Beyond these hours, TAs are paid at an hourly rate that is negotiated by CUPE 3902.

Currently, the negotiated earnings are $42.05 per hour at an average of 5 hours per week.

Culpepper told The Varsity that course instructors and TAs at the university have been unionized for 41 years, and have opened negotiations with the university 18 times since 1973.

These negotiations have led to three strikes, with the latest one occurring in 2001.

Effect on undergraduate students 

A strike by CUPE 3902 would impact students who rely on TAs and course instructors for grading, office hours, tutorials, exam invigilation, and lectures.

According to Culpepper, a strike would mean the cancellation of all these aspects of work including the potential cancellation of some classes.

If a strike were to occur, it is likely that there would be picket lines that may result in some buildings being closed.

Students are concerned that these actions would unfairly target learners who benefit from union members’ work.

Anna McNeil, a third-year kinesiology student, said that she doesn’t think students should be penalized for any failed negotiations. “Their problem does not have to do with the students, but with the institution of University of Toronto, and [they] should find a better way to come to an agreement,” McNeil says.

McKenzie Embree, an upper-year environmental studies and political science student, echoes McNeil’s concerns, adding that she thinks it is greedy for instructors to exert this position. “I think that the TAs already receive more than they give by breaking down their wages to $42.05 per hour and benefits. They are… trying to use the fact that they can control our future by putting our education in the balance,” Embree says.

TA SPEAKS Out

Craig Smith, a PhD candidate in the Department of Political Science and a TA for POL208, Introduction to International Relations, thinks that the motivation for the strike vote came down to negotiating in good faith.  “The purpose of the initial strike vote is to change the bargaining dynamics at the table,” Smith says, adding: “If the university bargained in good faith, none of this would have to happen. It’s in nobody’s interest to shut down the university.”

Smith says that, as a TA, he does not want to jeopardize any learning opportunities for his students, but says that the university has put instructors in a tight situation. “It’s terrible that in every bargaining round they have to test the solidarity of the union, and test our willingness to put our students in the middle of this,” he explains. 

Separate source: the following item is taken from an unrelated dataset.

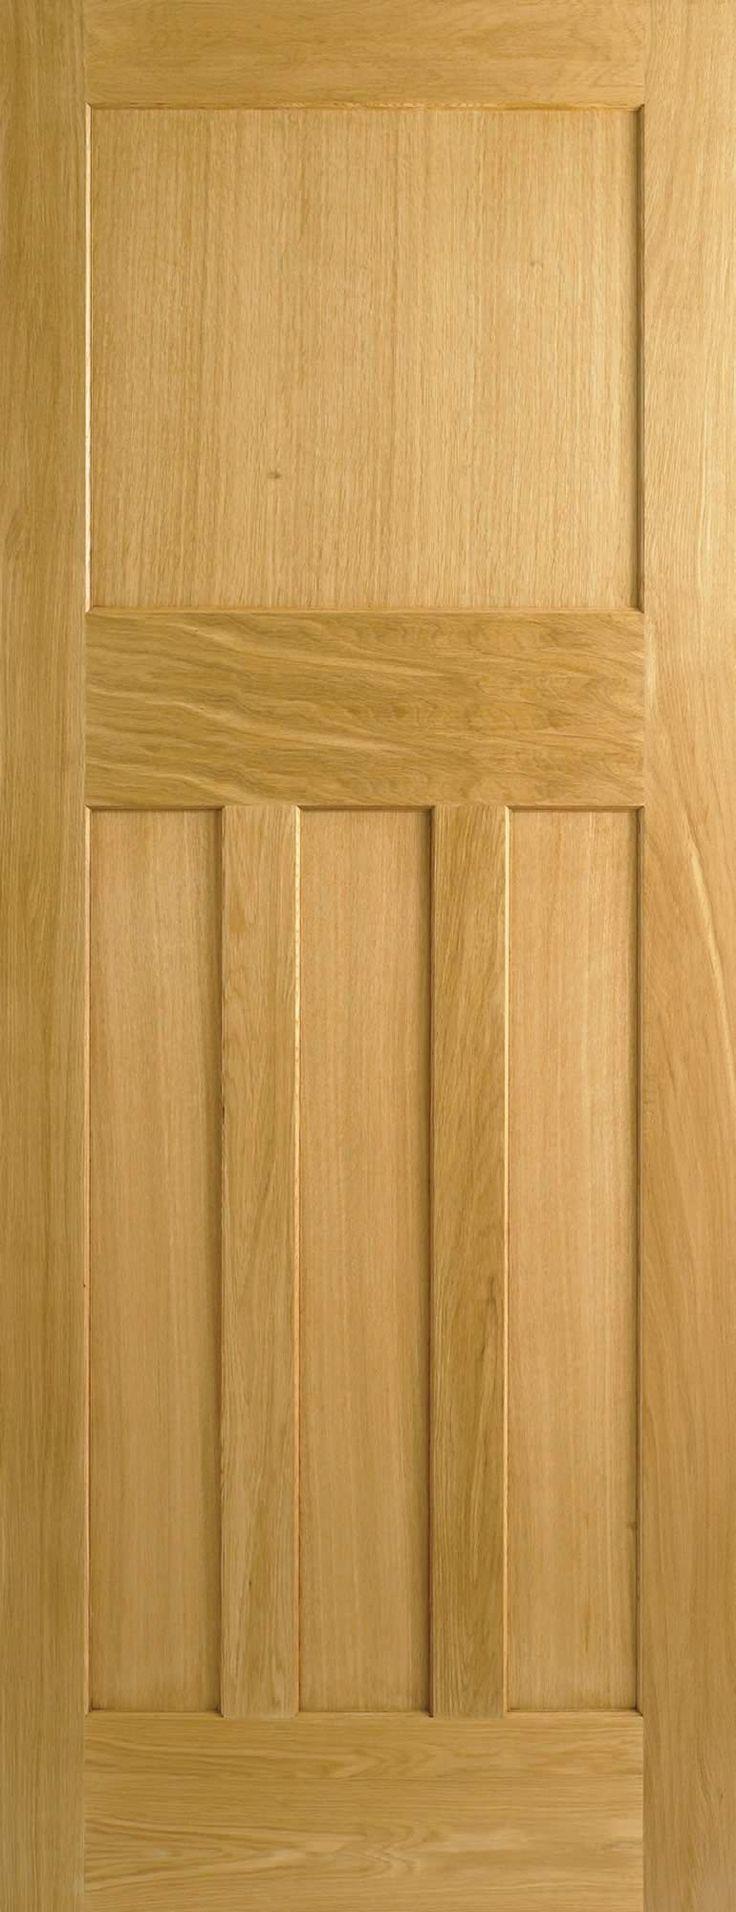 DX 30's Style Oak Nostagia Internal Fire Doors FD30
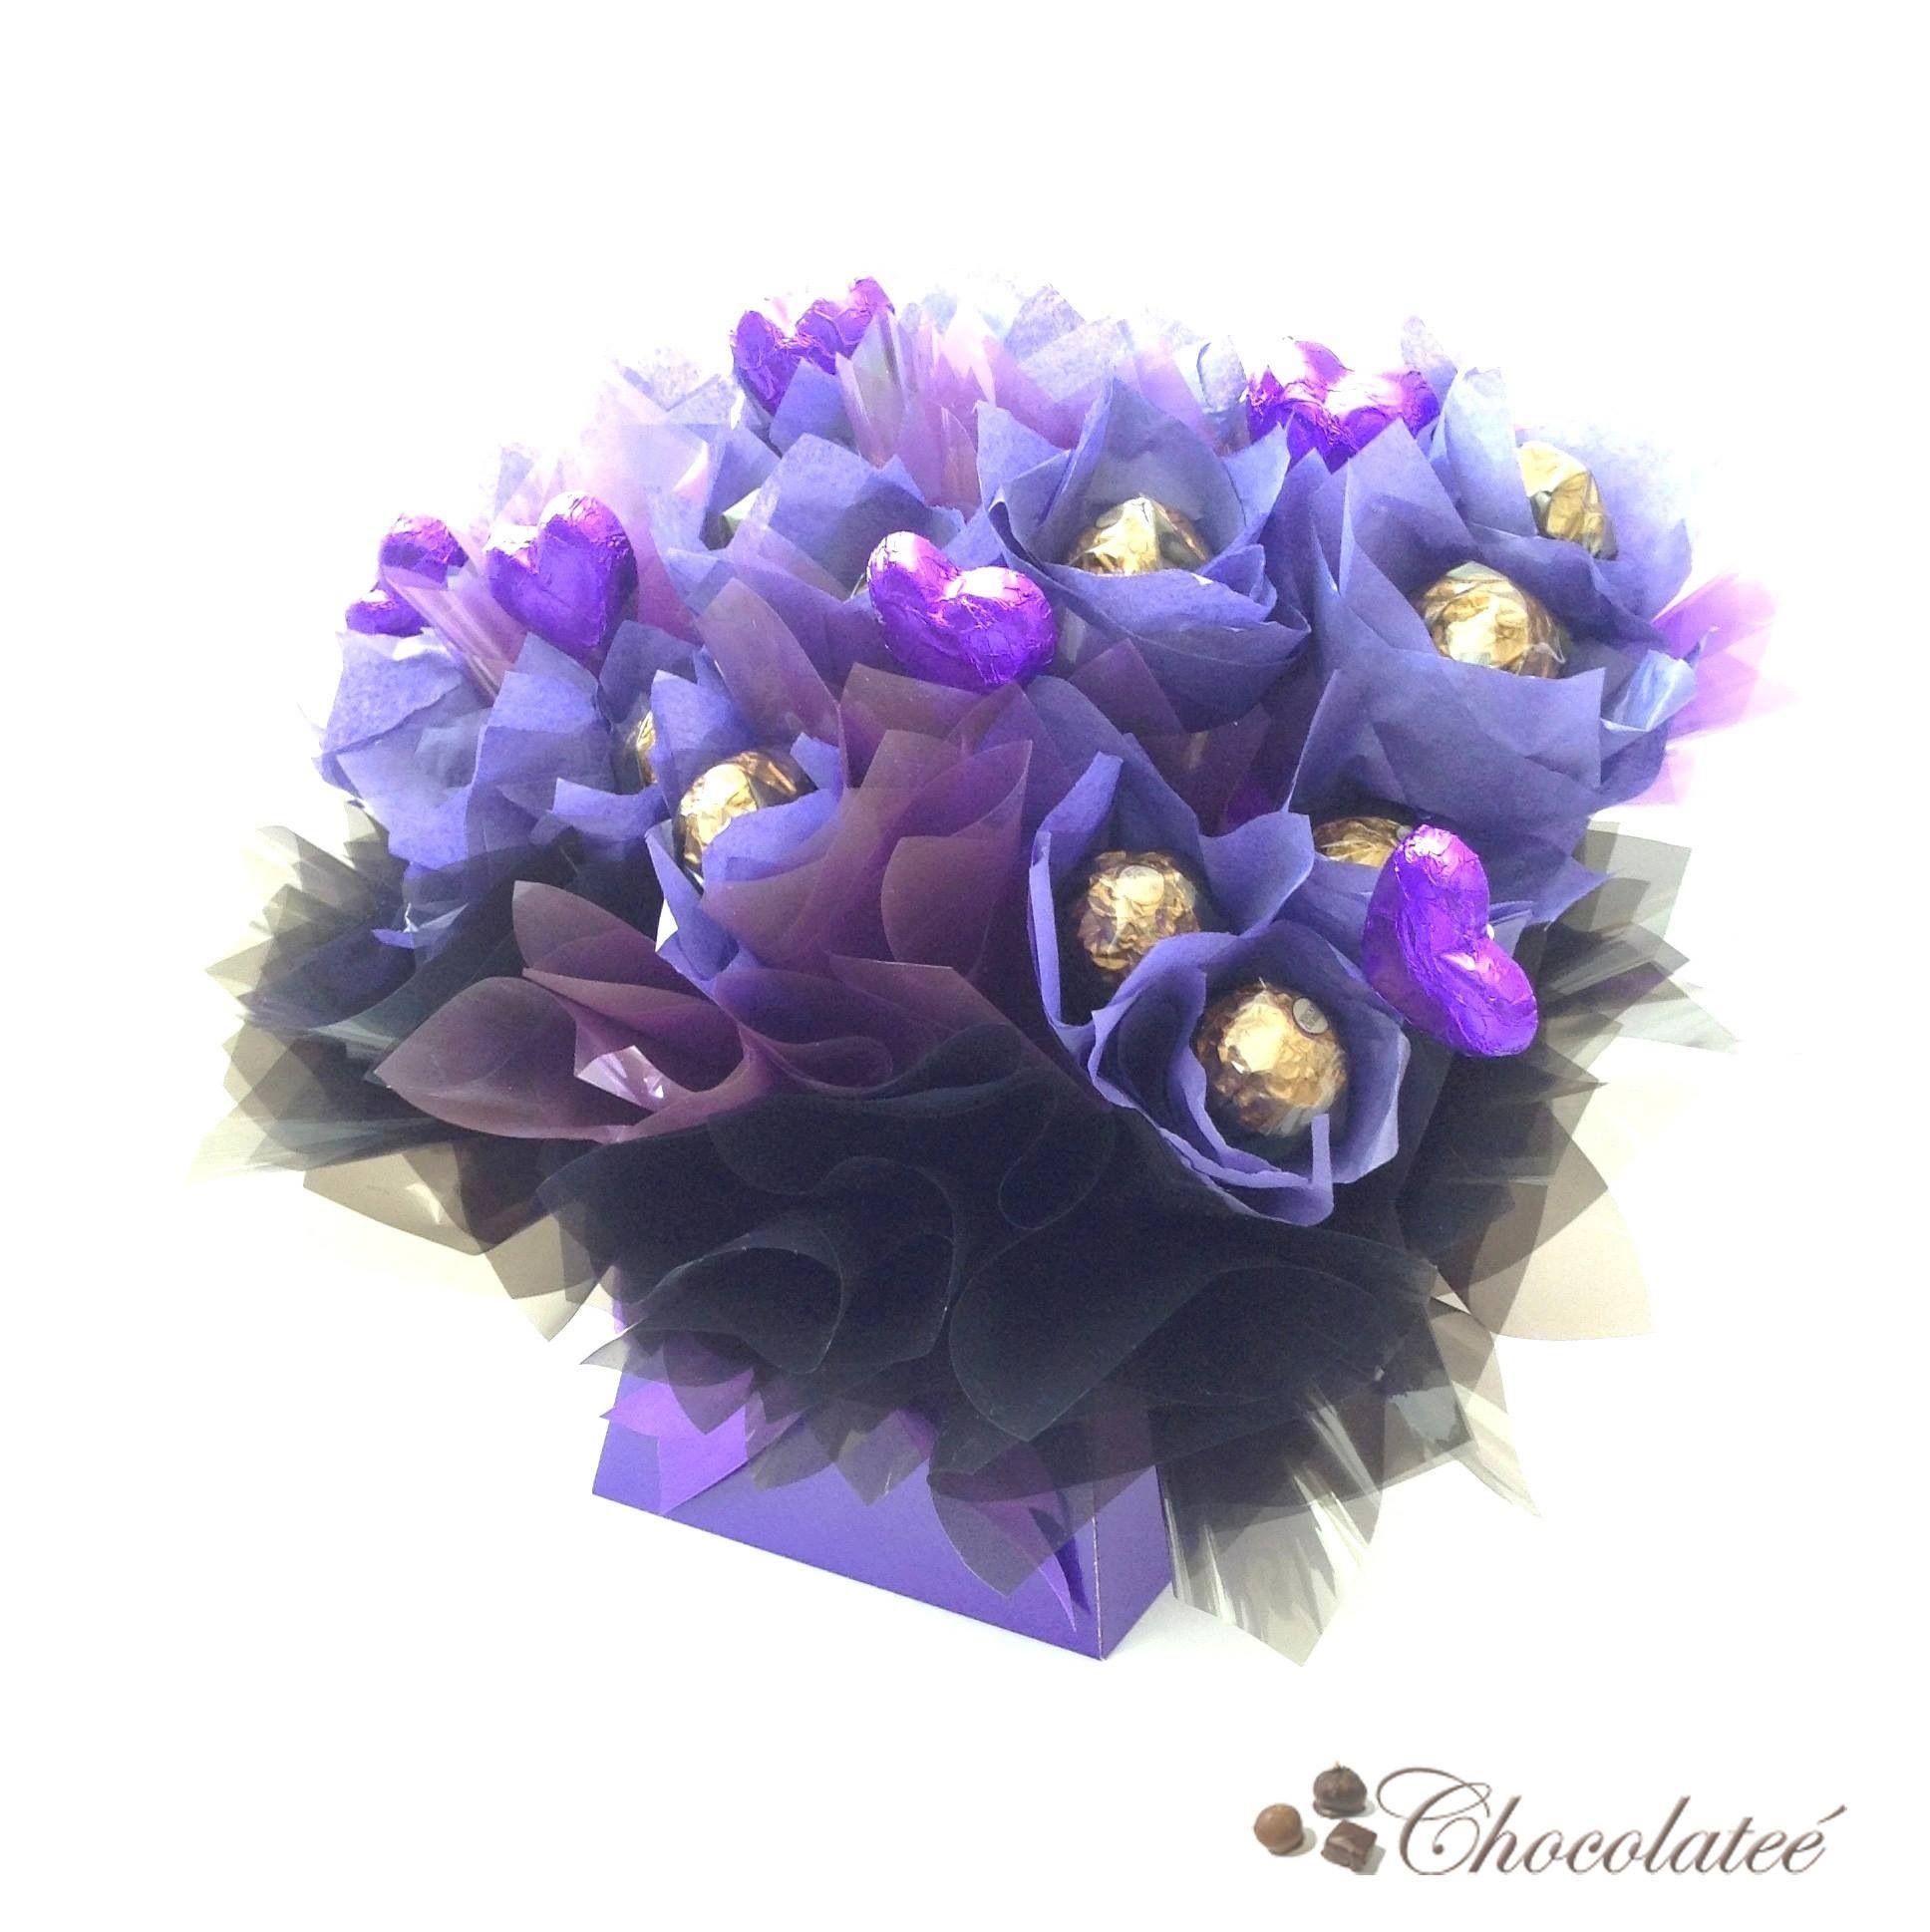 Purple passion luxury ferrero rocher bouquet httpchocolatee purple passion luxury ferrero rocher bouquet httpchocolatee izmirmasajfo Images

Smith adds that he — like most TAs — loves his teaching position. “Most people who I know are doing this because they are passionate about the areas that they teach in, and they love to teach,” Smith says.

According to Angela Hildyard, U of T vice-president of human resources and equity, U of T offers TAs a greater level of support than peer institutions such as McGill University or the University of British Columbia. 

Hildyard remained optimistic that negotiations will continue and that a strike will not be necessary. “[T]he parties have had a series of negotiation sessions which the university hopes to continue. Its goal remains to arrive at a renewal collective agreement that is reasonable considering all the interests at stake, one of which is to be responsive to the Ontario Government’s stated position that there be no net increases in compensation in broader public sector settlements,” she says.

Smith emphasized that TAs are often an integral part of the learning process for U of T students. “For most students, [TAs] do the majority of the teaching. For the university to put those people in a precarious situation, I don’t understand their interest in doing that,” he says.

 Smith adds that the motivation to get involved transcends direct rewards for many TAs and becomes a matter of political importance. “The reason that departments that are more political are so turned on to this stuff is because we realize that none of the gains that we have now would have been possible without solidarity and mobilization in the past,” he says.

The current collective agreement expired on April 30, 2014.

Correction: The TA wage rate is $42.05/hour, not $45/hour as was incorrectly stated.